Mikhail ouvia-o com um semblante inexpressivo.
— Infelizmente, não perdemos só fruta nessas apreensões. Também perdemos algo insubstituível. — Bakkar olhou-o com um ar calculista. — Ou talvez não.
Pediu mais chá. Mikhail dirigiu um olhar ao ocupante do Toyota, enquanto enchiam os copos.
— A que tipo de negócios é que se dedica exatamente, Monsieur Antonov?
— Perdão?
— Os seus negócios — repetiu Bakkar. — A que é que se dedica exatamente?
— Às laranjas — respondeu Mikhail. — E às romãs.
Bakkar sorriu.
— Eu tinha entendido — disse — que traficava armas.
Mikhail não disse nada.
— É um homem prevenido, Monsieur Antonov. É um traço admirável.
— Para além de ser bom para o negócio. Assim perdem-se menos carregamentos.
— Portanto, é verdade!
— Dedico-me aos investimentos, Monsieur Bakkar.

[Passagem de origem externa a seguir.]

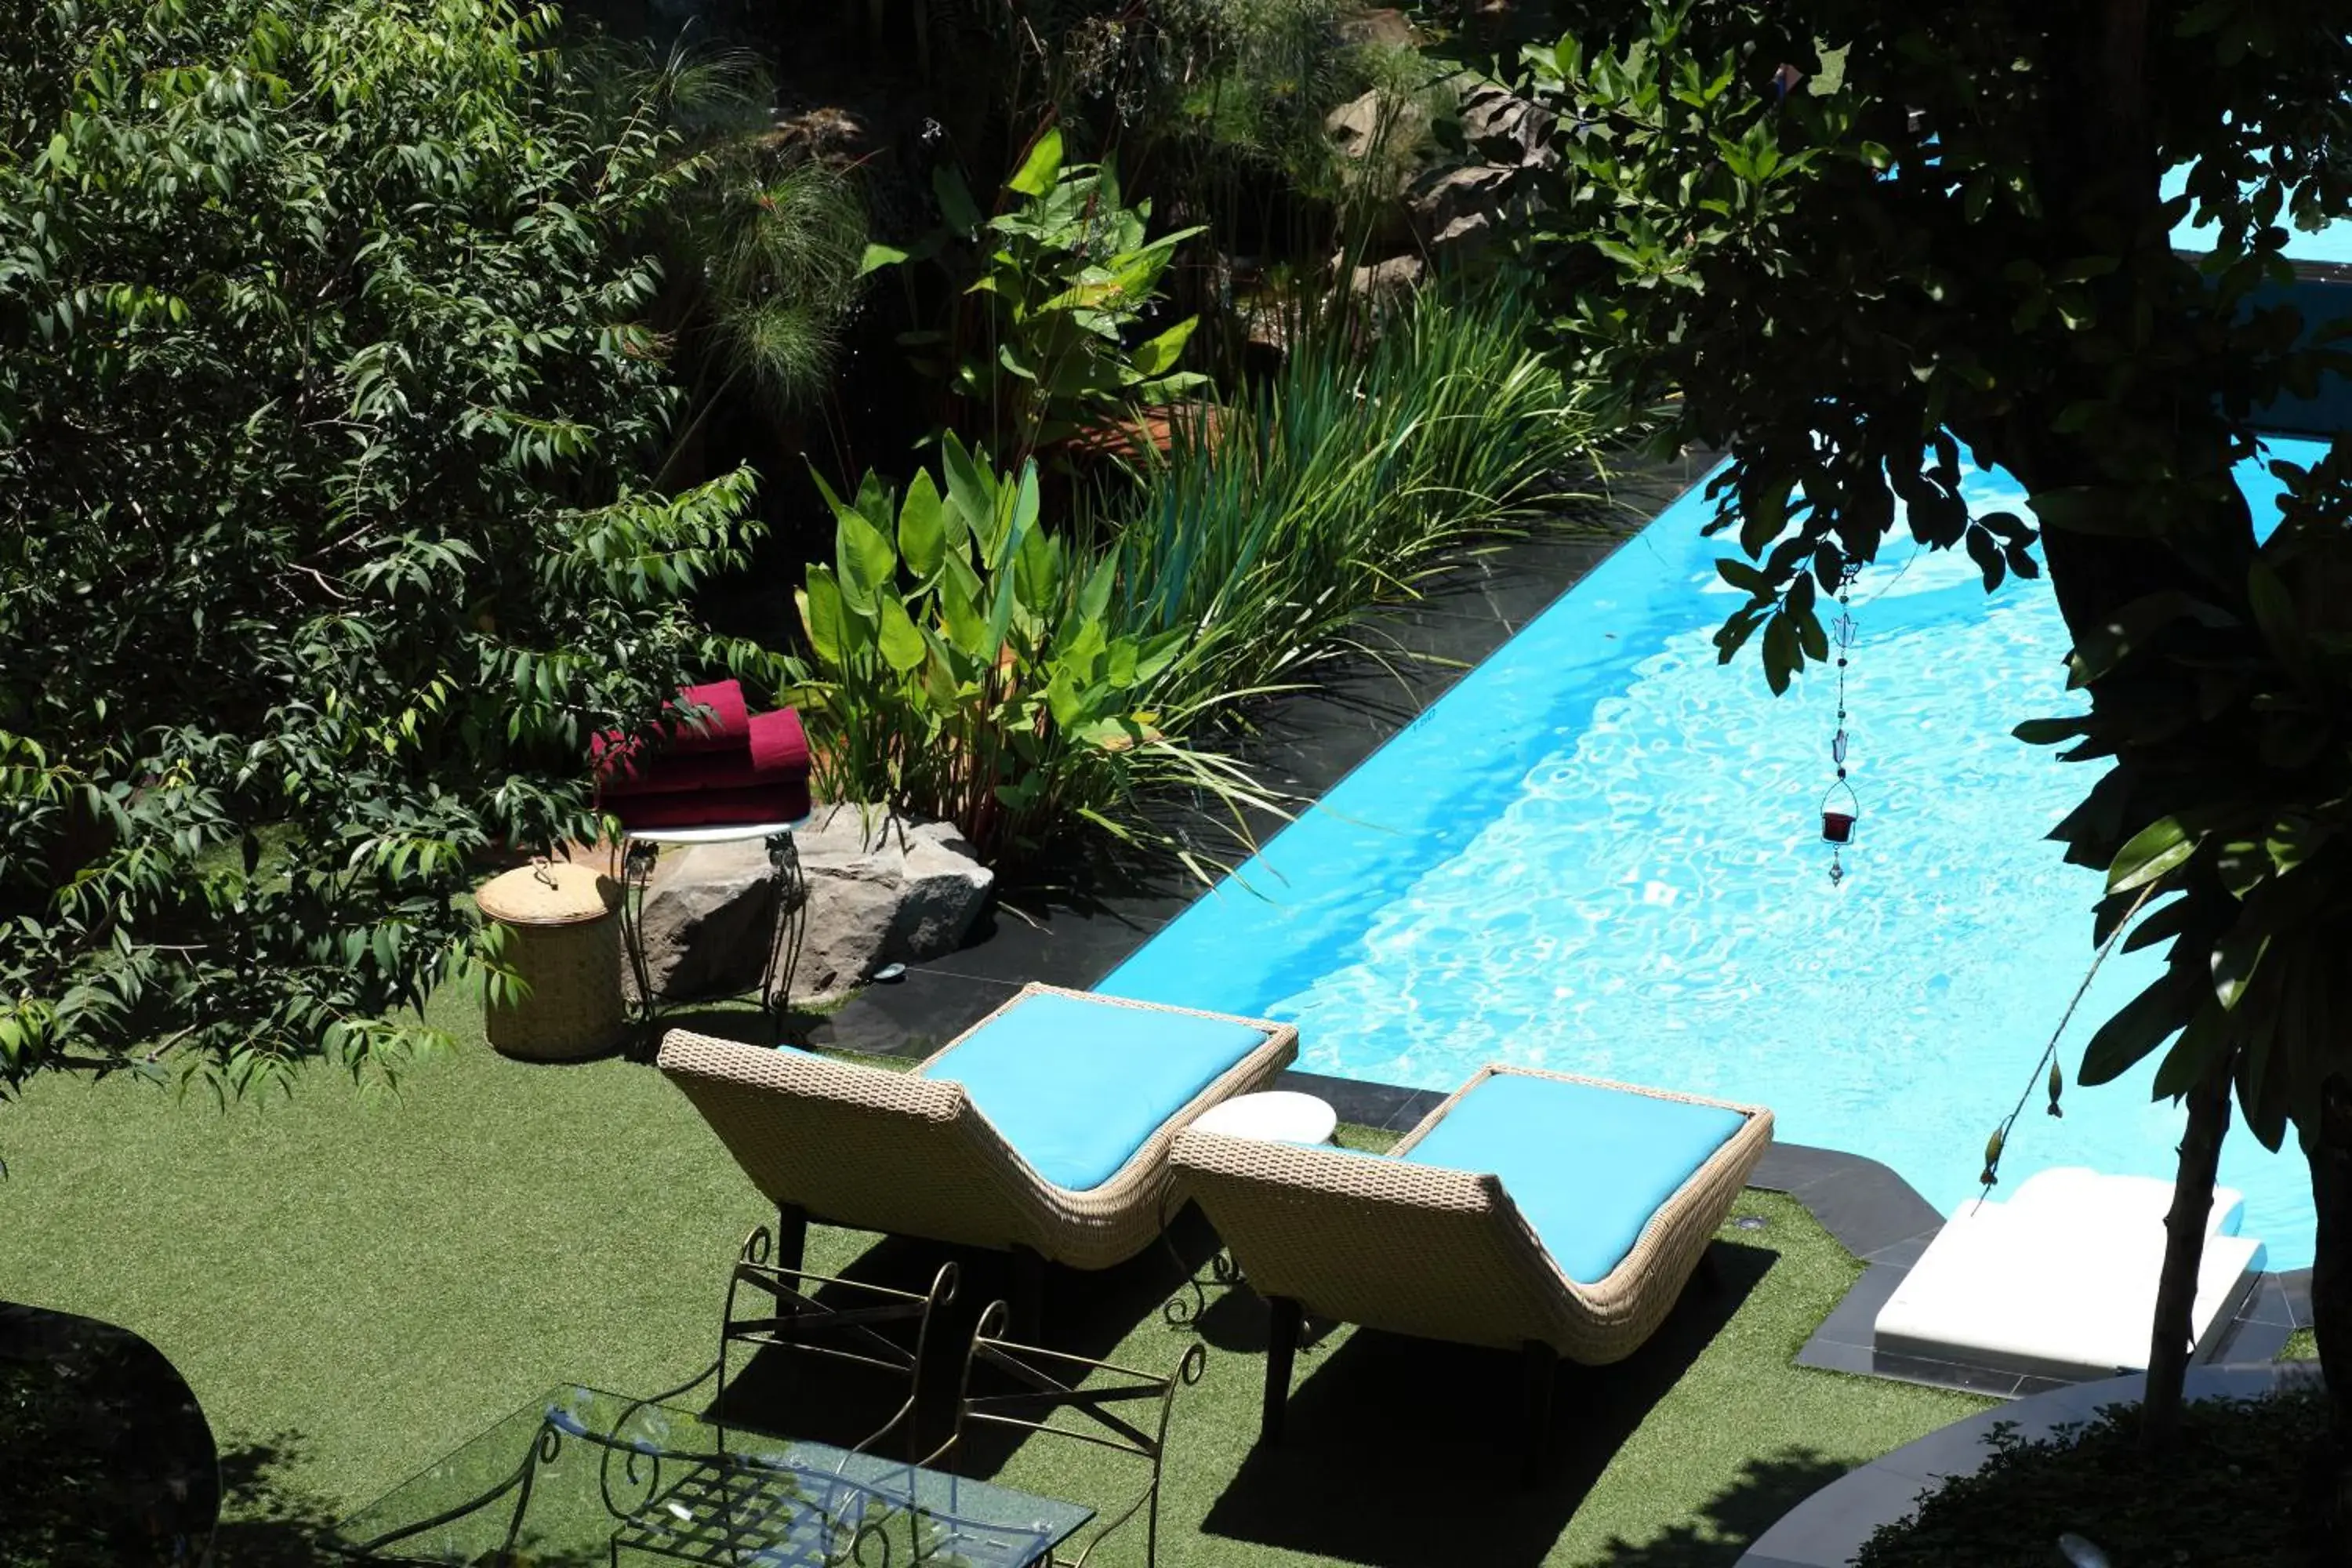 Swimming Pool in Kodchasri Thani Hotel

E, às vezes, faço negócios que implicam a transferência de bens da Europa de Leste e das repúblicas da antiga União Soviética para lugares problemáticos em diversas partes do mundo.
— Que tipo de bens?
— Use a sua imaginação.
— Armas?
— Armamento — respondeu Mikhail. — As armas representam uma parte mínima do negócio.
— De que tipo de mercadoria estamos a falar?
— De tudo, desde Kalashnikovs a helicópteros ou a aviões de combate.
— Aviões? — perguntou Bakkar, incrédulo.
— Gostava de ter um? Ou talvez prefira um tanque ou um Scud. Este mês temos uma oferta especial. Eu, se fosse a si, faria o pedido hoje mesmo. Não vão durar muito.
— Não seriam para mim — afirmou Bakkar levantando as mãos. — Mas um dos meus sócios poderia estar interessado.
— Nos Scuds?
— As necessidades dele são muito específicas. Mas prefiro que ele próprio lhe explique isso.
— Para já não — disse Mikhail. — Primeiro, conte-me um pouco mais sobre esse seu sócio. Depois decidirei se me quero reunir com ele.
— É um revolucionário — afirmou Bakkar. — Com uma causa justa, garanto-lhe.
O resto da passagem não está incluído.